All the data should be repeated exactly. Any image in it is left out.

(Information provided):
= = = =
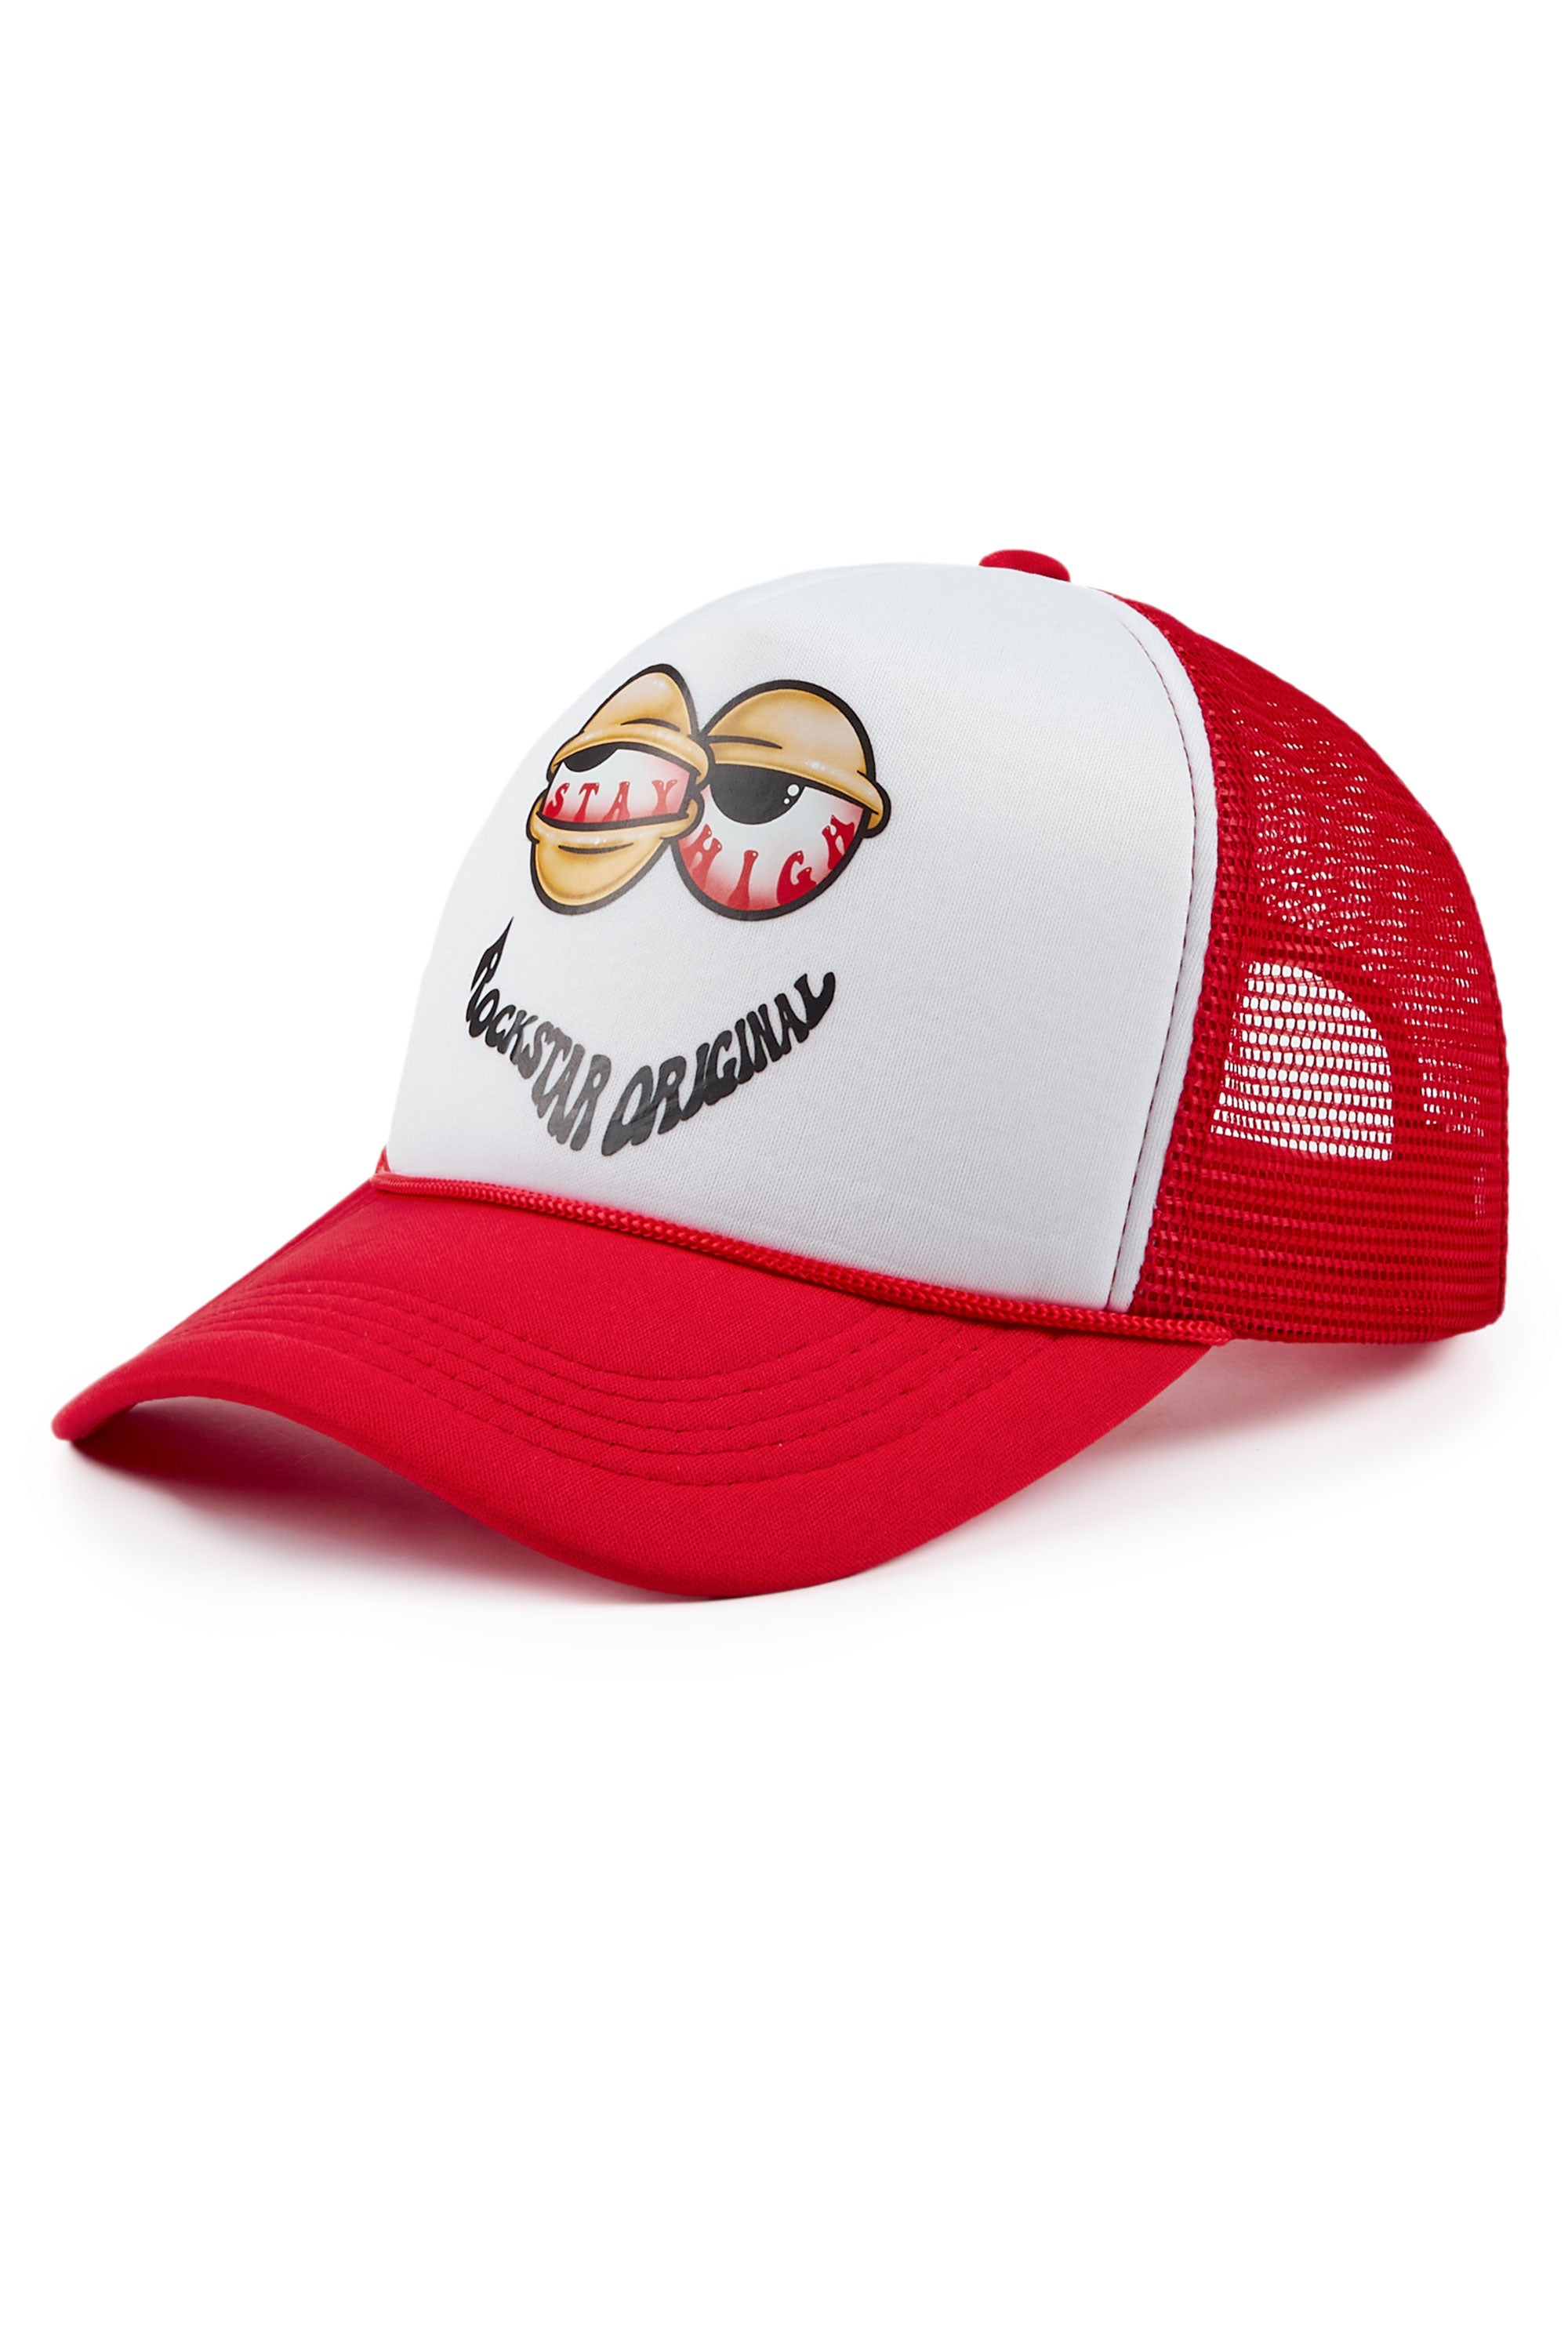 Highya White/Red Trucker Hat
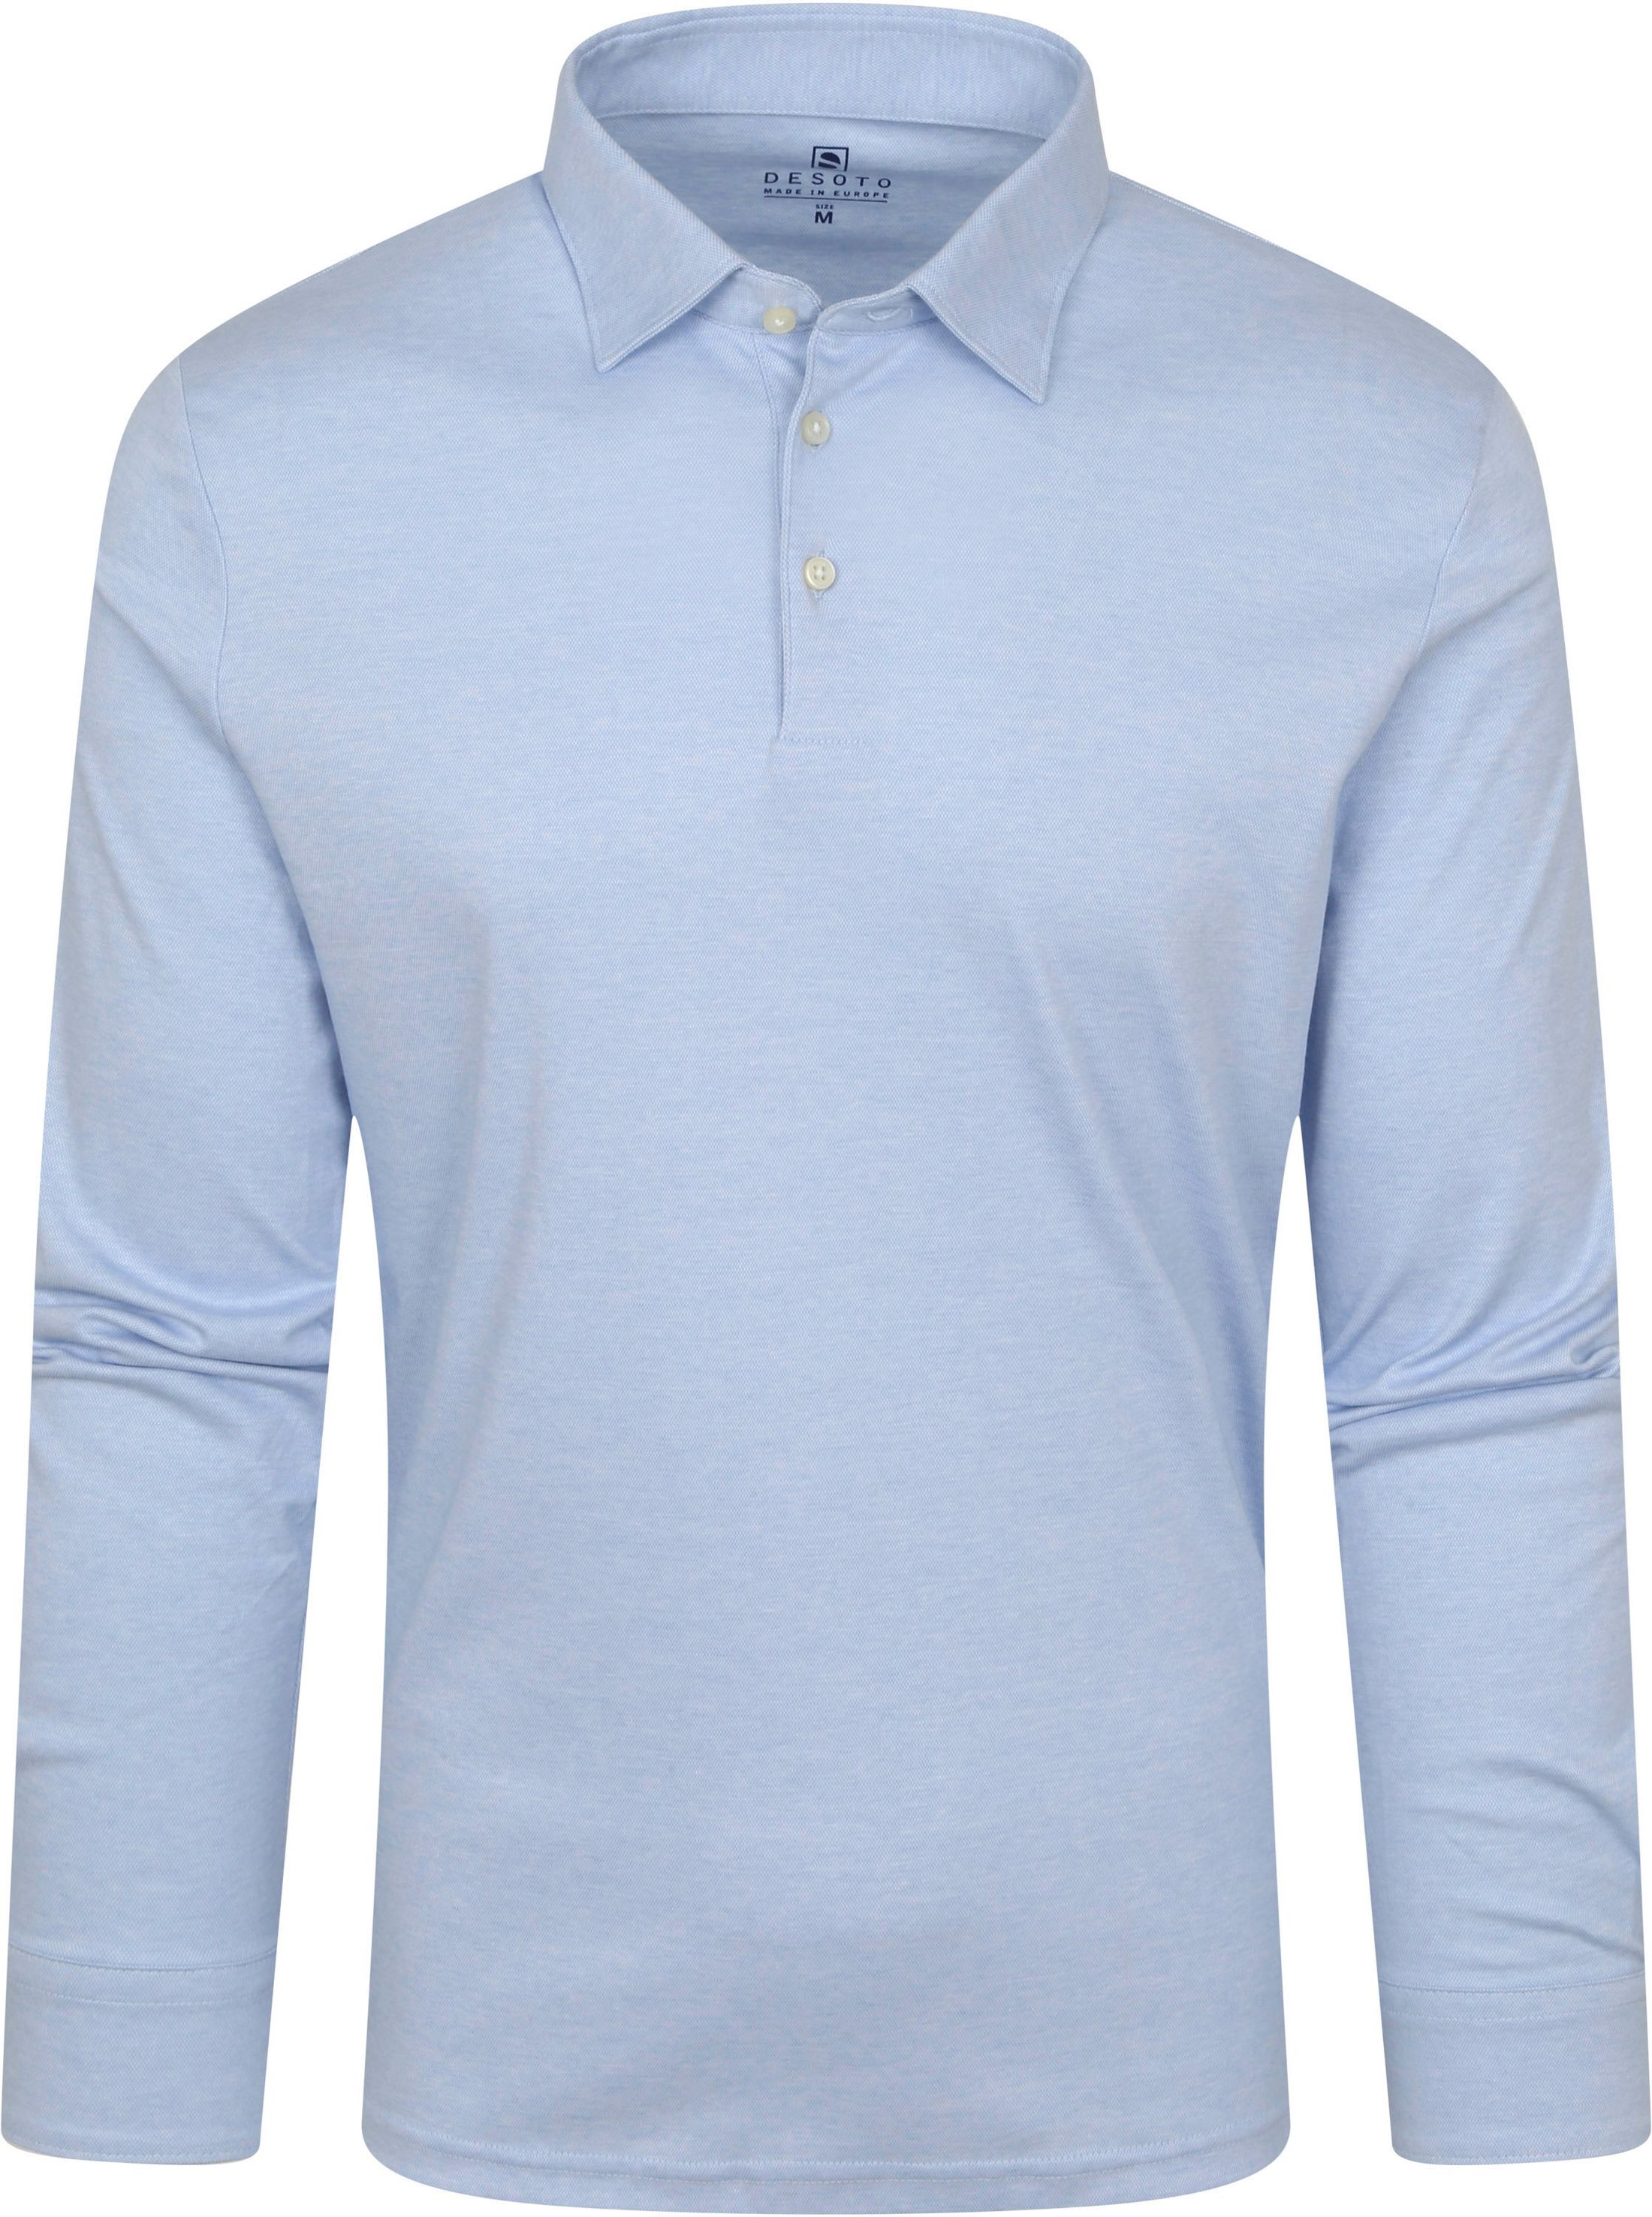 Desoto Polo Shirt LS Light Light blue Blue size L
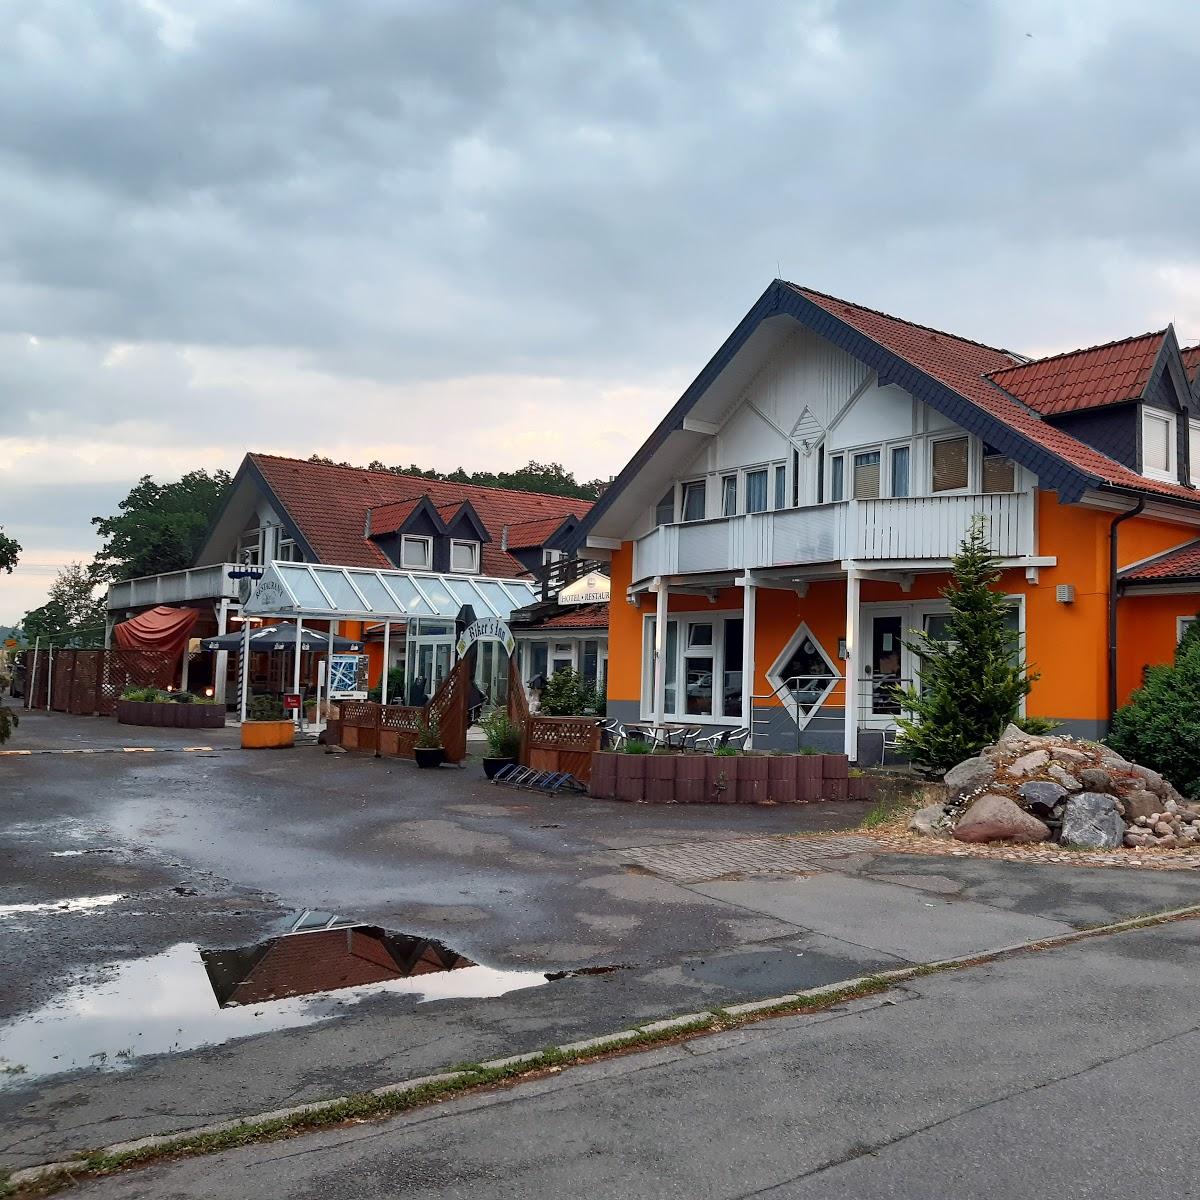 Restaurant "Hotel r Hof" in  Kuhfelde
= = = =
(Reply to the exercise):
 Highya White/Red Trucker Hat
 Desoto Polo Shirt LS Light Light blue Blue size L
 Restaurant "Hotel r Hof" in  Kuhfelde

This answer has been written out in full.